In order to keep healthcare workers safe, hospitals need to make systemic changes to prevent workplace violence—not just penalize it. AFSCME recommends increasing staffing levels, installing an intercom system, having a secure nurses’ station, and providing anger diffusion training. Scientific American also recommends using electronic databases to flag potentially violent patients ahead of time and accordingly adapt their treatment. Relatedly, the ENA found that hospitals that institute mandatory violence reporting policies have half the rate of workplace violence of those that do not.
The good news is that prevention programs can be affordable and cost-effective. For example, the CDC provides a Workplace Violence Prevention training course for nurses that is available for free online. Moreover, Scientific American points out that any cost born by hospitals in implementing the programs is minimal, compared to the amount hospitals lose in worker-compensation lawsuits and from workers needing time off due to workplace injuries.

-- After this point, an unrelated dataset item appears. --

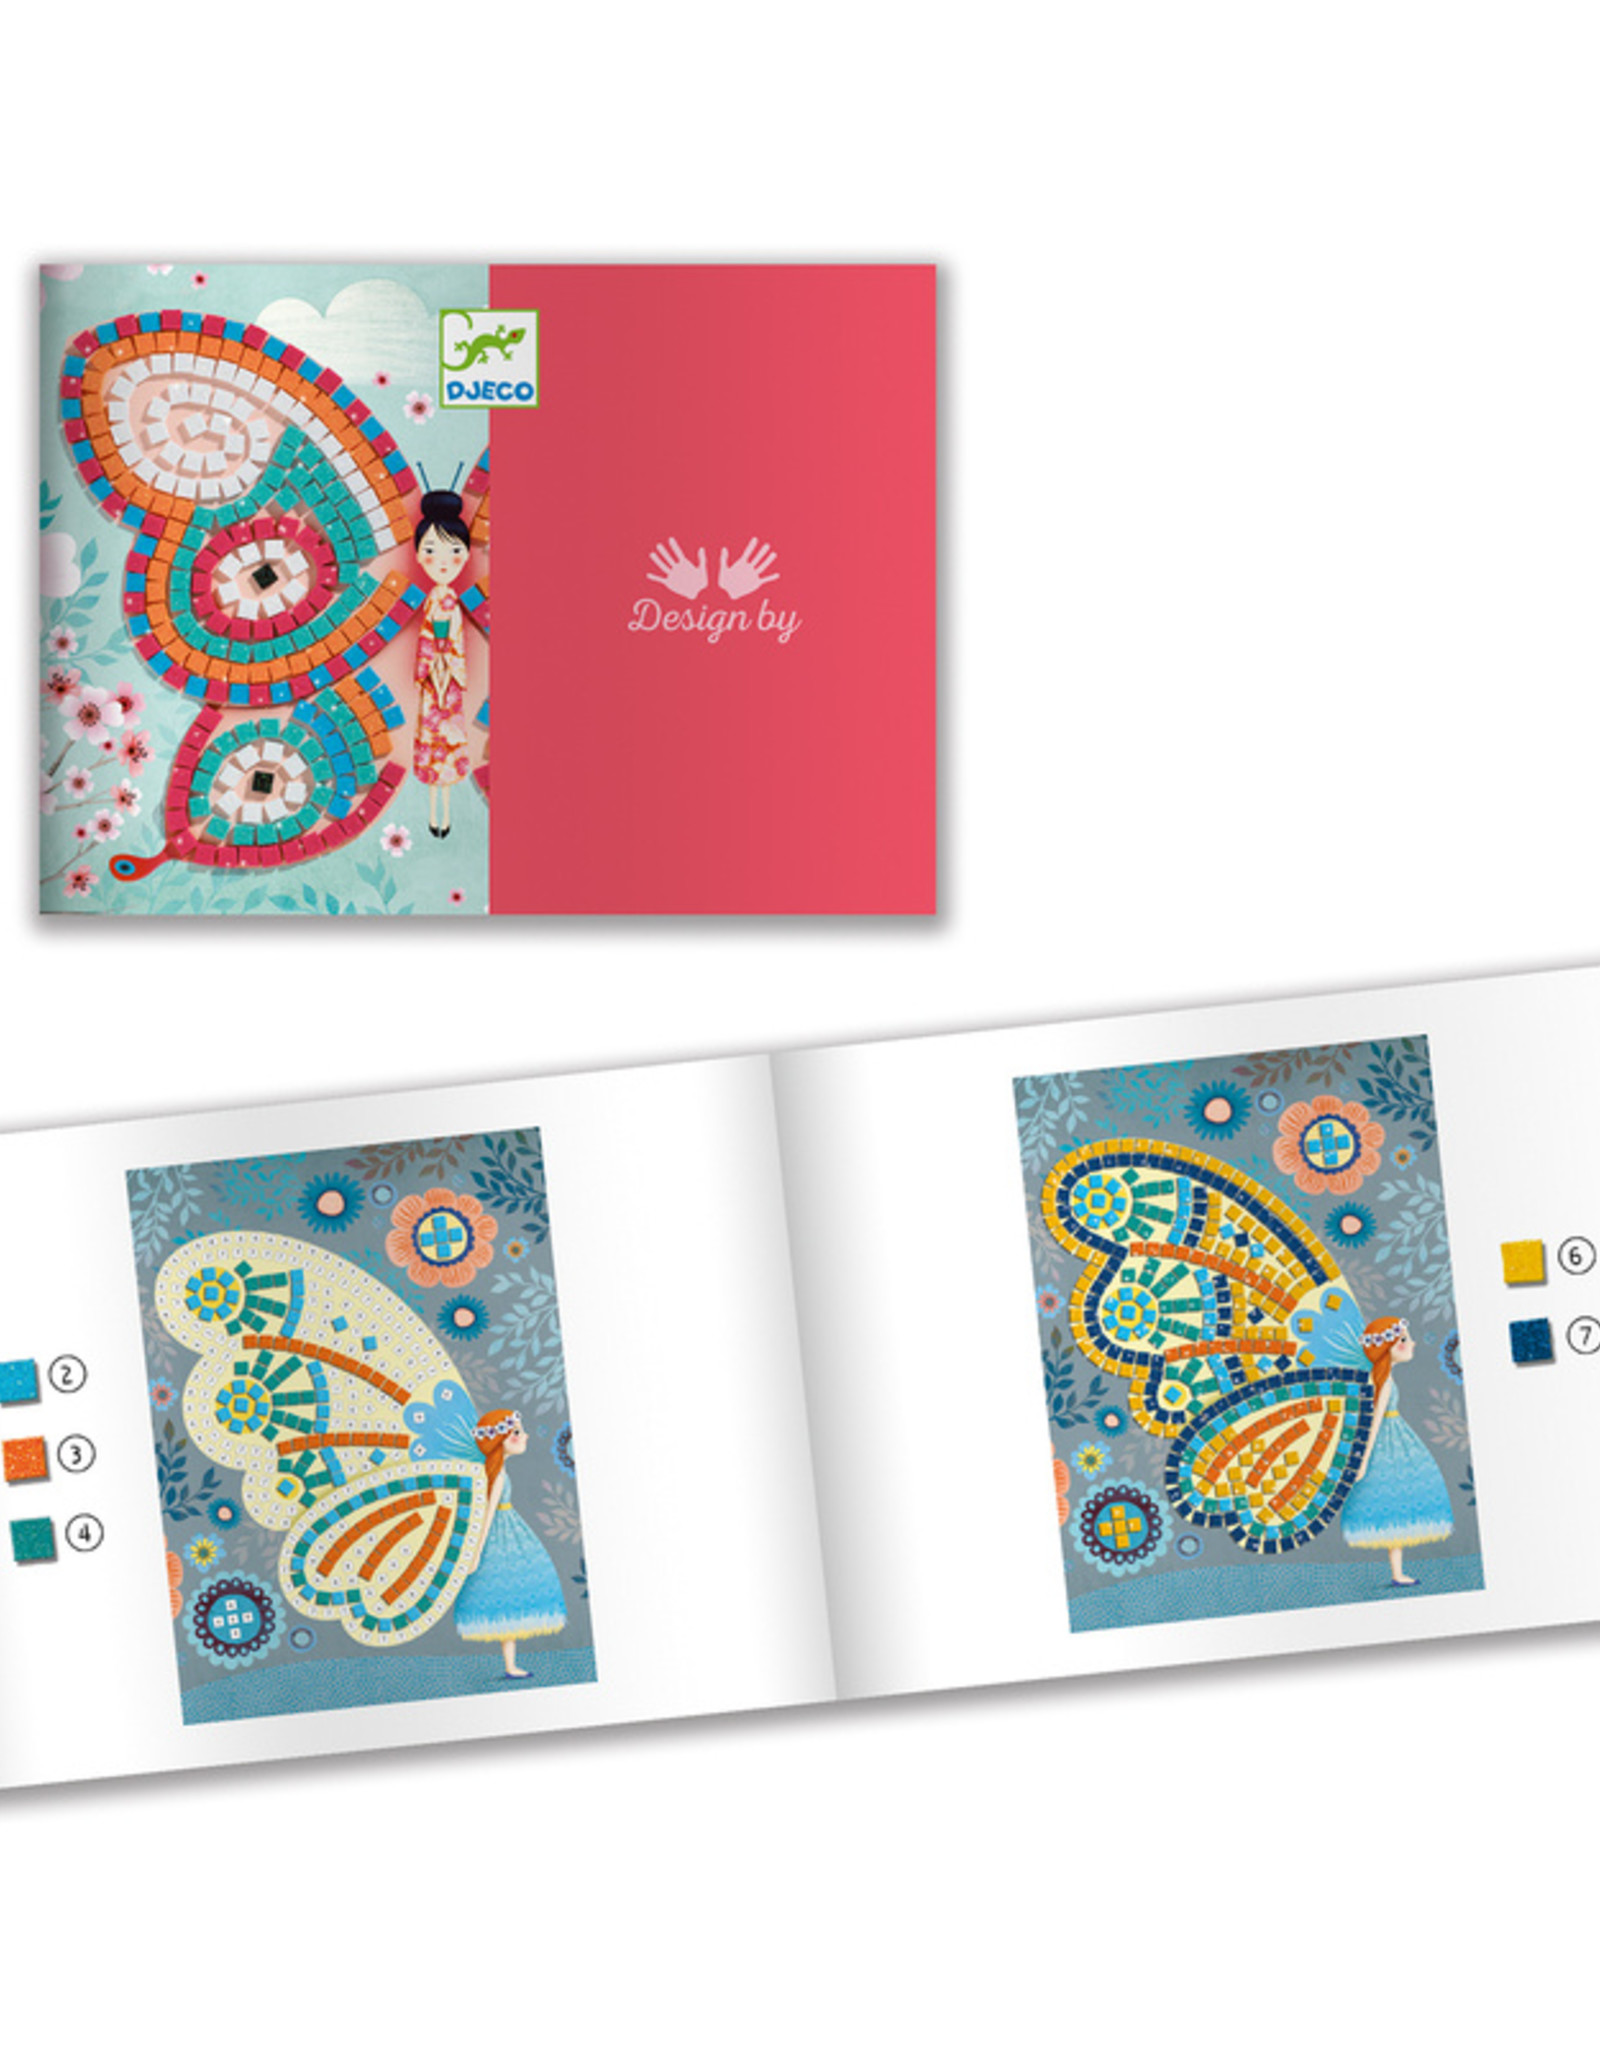 Djeco Djeco - Mosaics Butterfly

Overall, armed guards and laws punishing assailants of healthcare workers are inadequate mechanisms to keep workers safe. While they may raise awareness about workplace violence, ultimately, they are shortsighted solutions that may undermine effective medical care. And, tragically, patients and workers will probably continue to experience hospital violence until more comprehensive and preventative programs are established.